#### EXERCISE INPUTS:
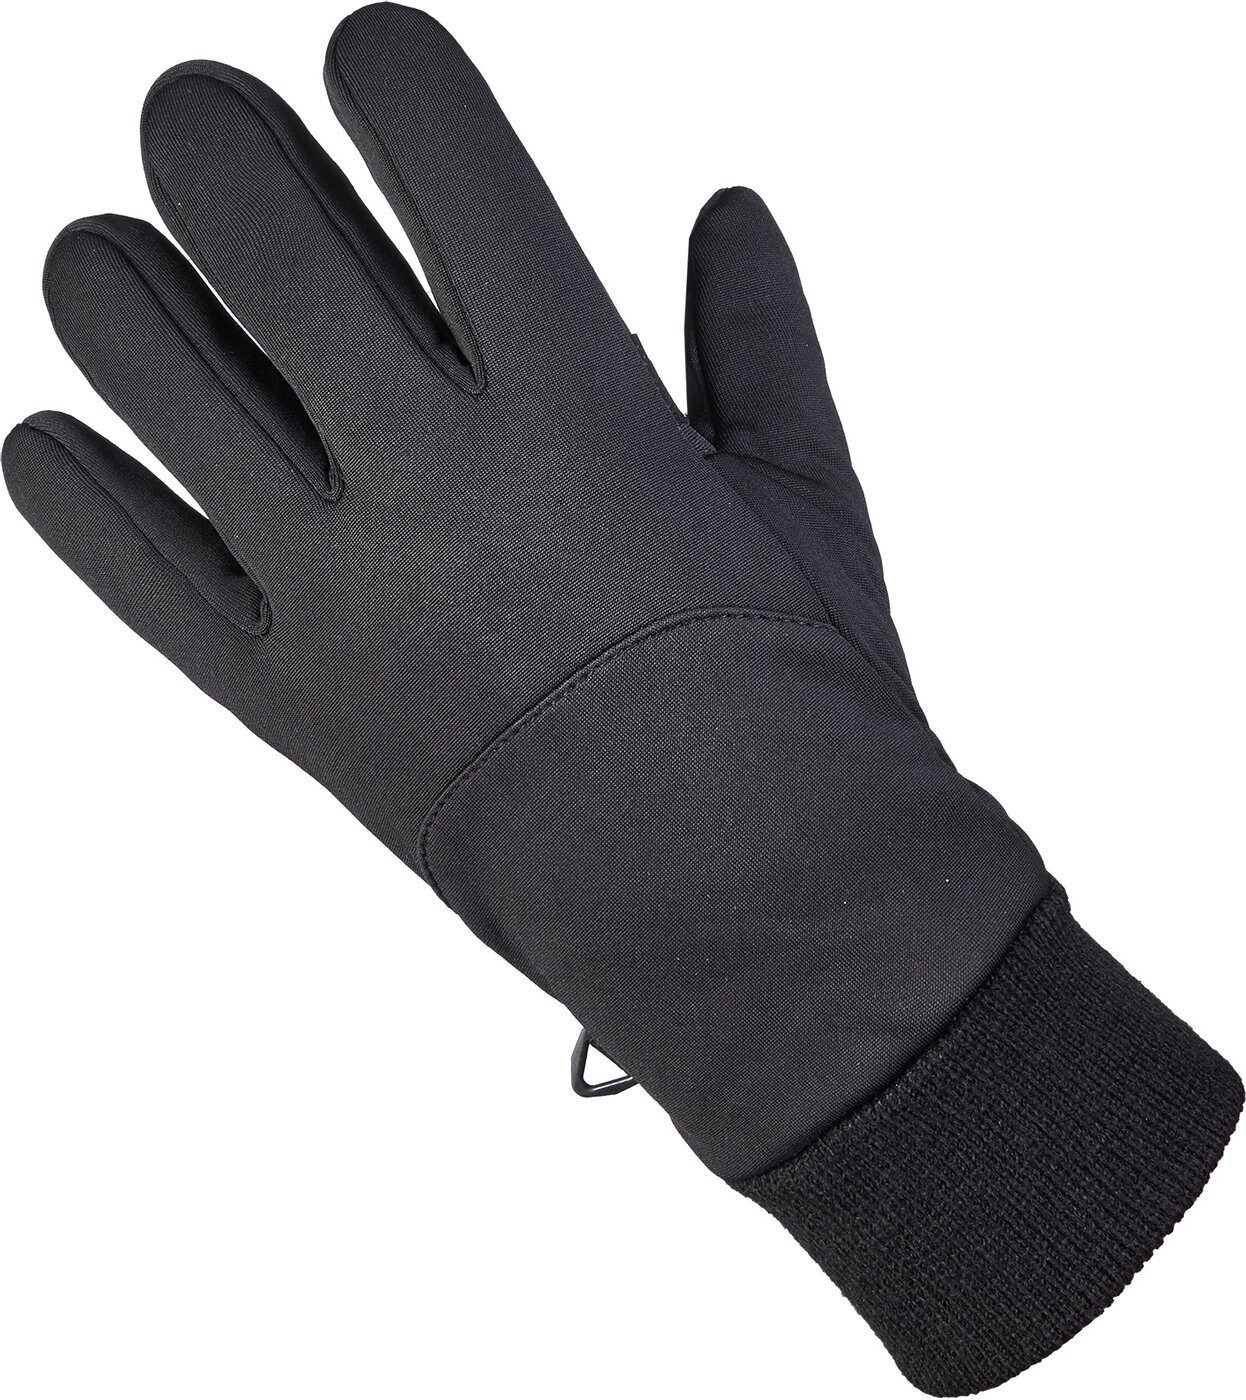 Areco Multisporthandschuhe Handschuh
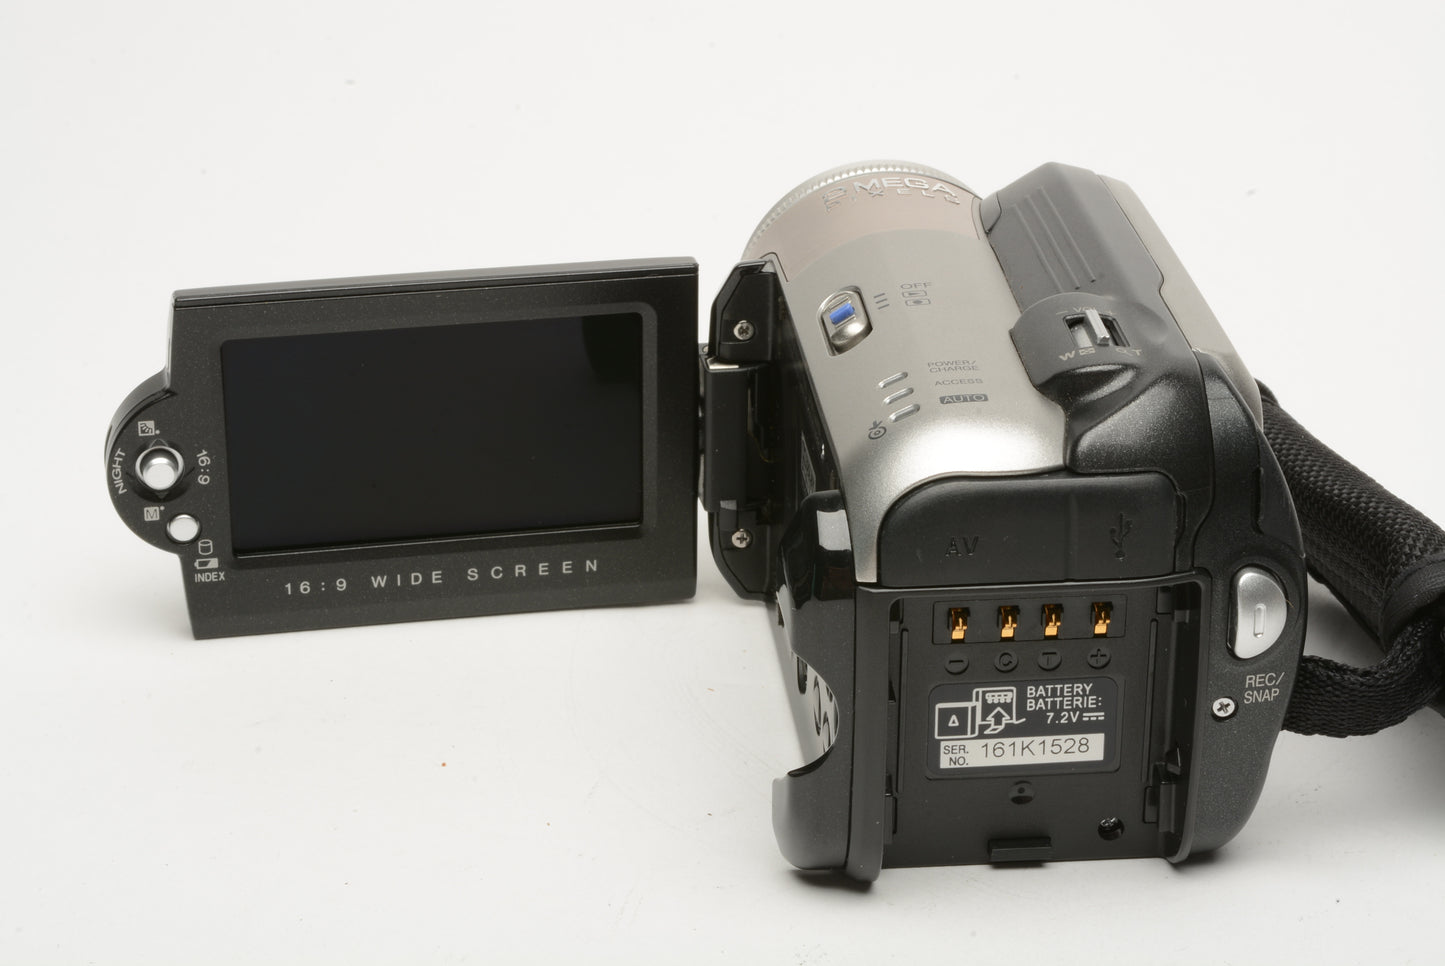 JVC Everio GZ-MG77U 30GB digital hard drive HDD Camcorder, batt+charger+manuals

...

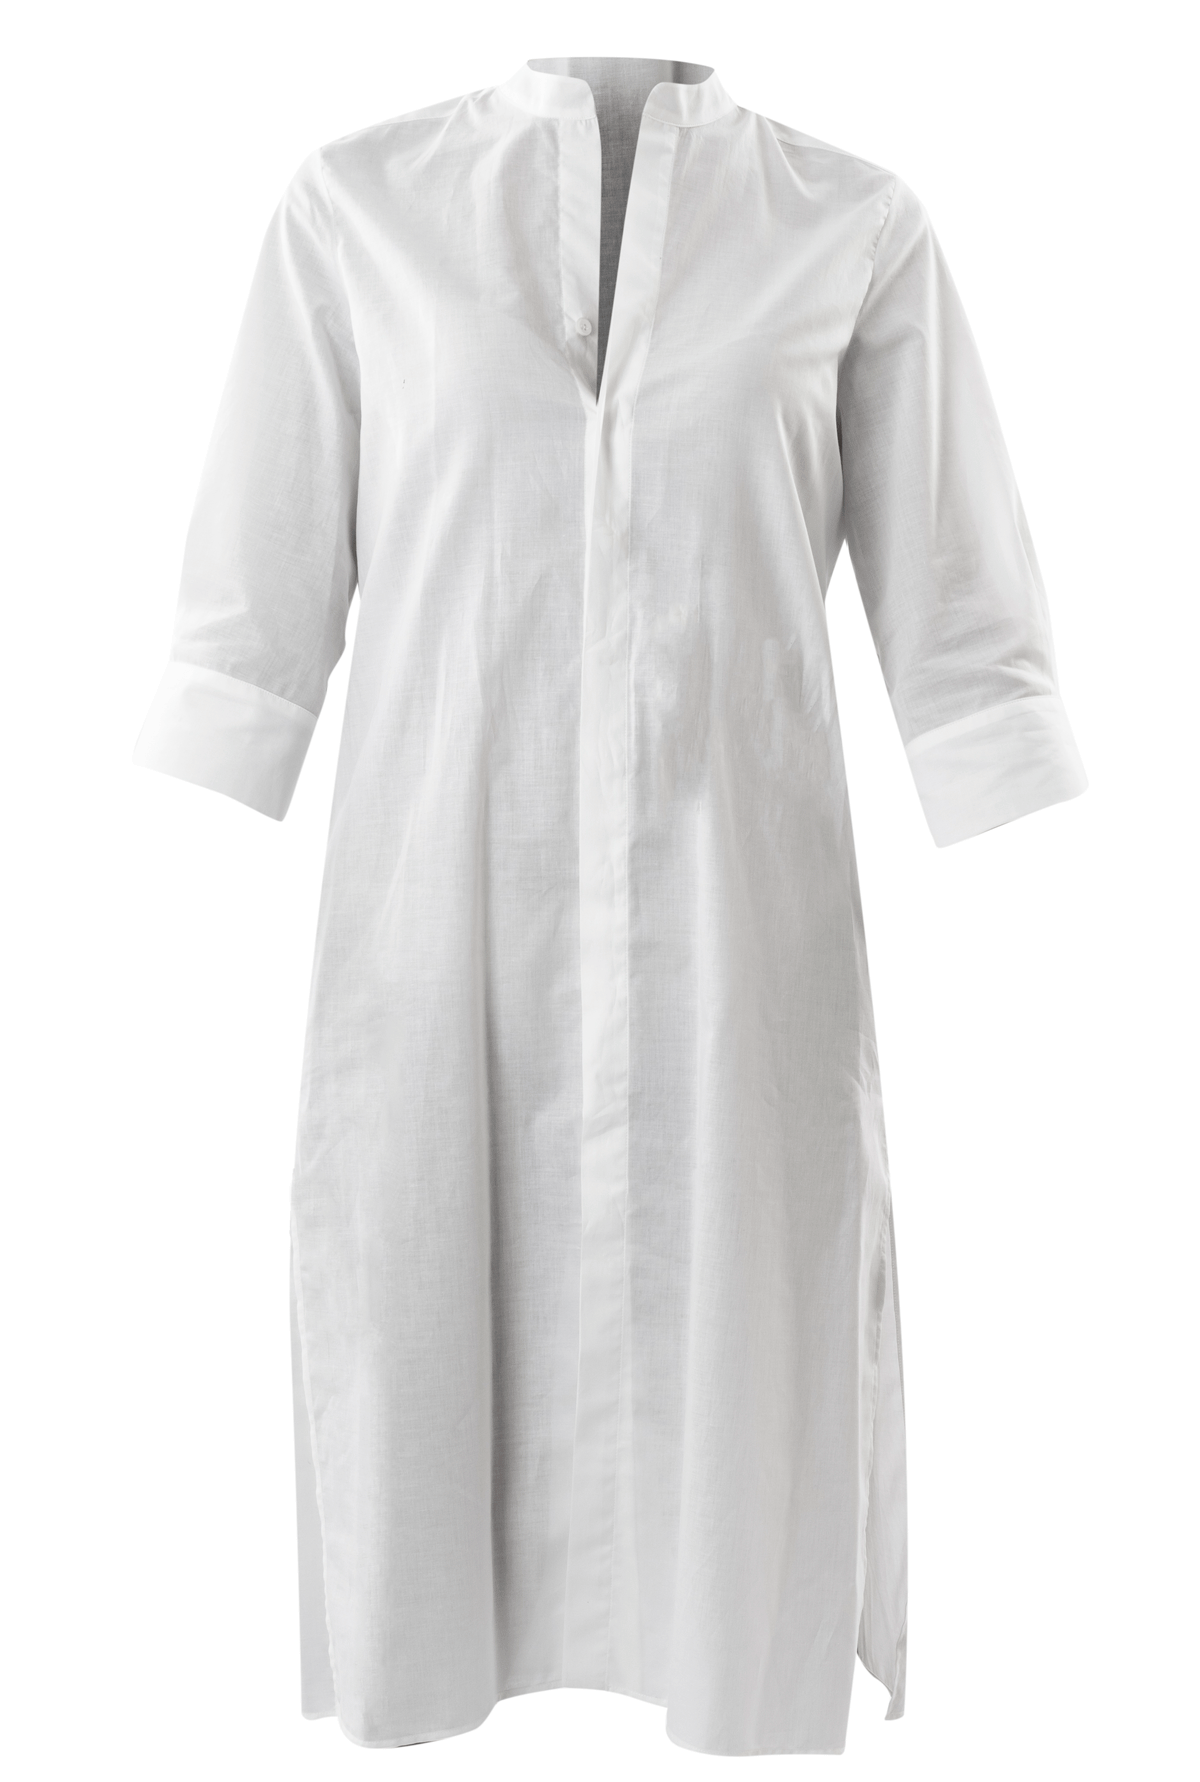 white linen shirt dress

#### TRY IT:
Write back the stretch of lines above that begins with the line holding "Areco Multisporthandschuhe Handschuh" and ends with the line holding "JVC Everio GZ-MG77U", both included, exactly as written. Pictures stay out.

#### SOLVED EXERCISE:
 Areco Multisporthandschuhe Handschuh
 JVC Everio GZ-MG77U 30GB digital hard drive HDD Camcorder, batt+charger+manuals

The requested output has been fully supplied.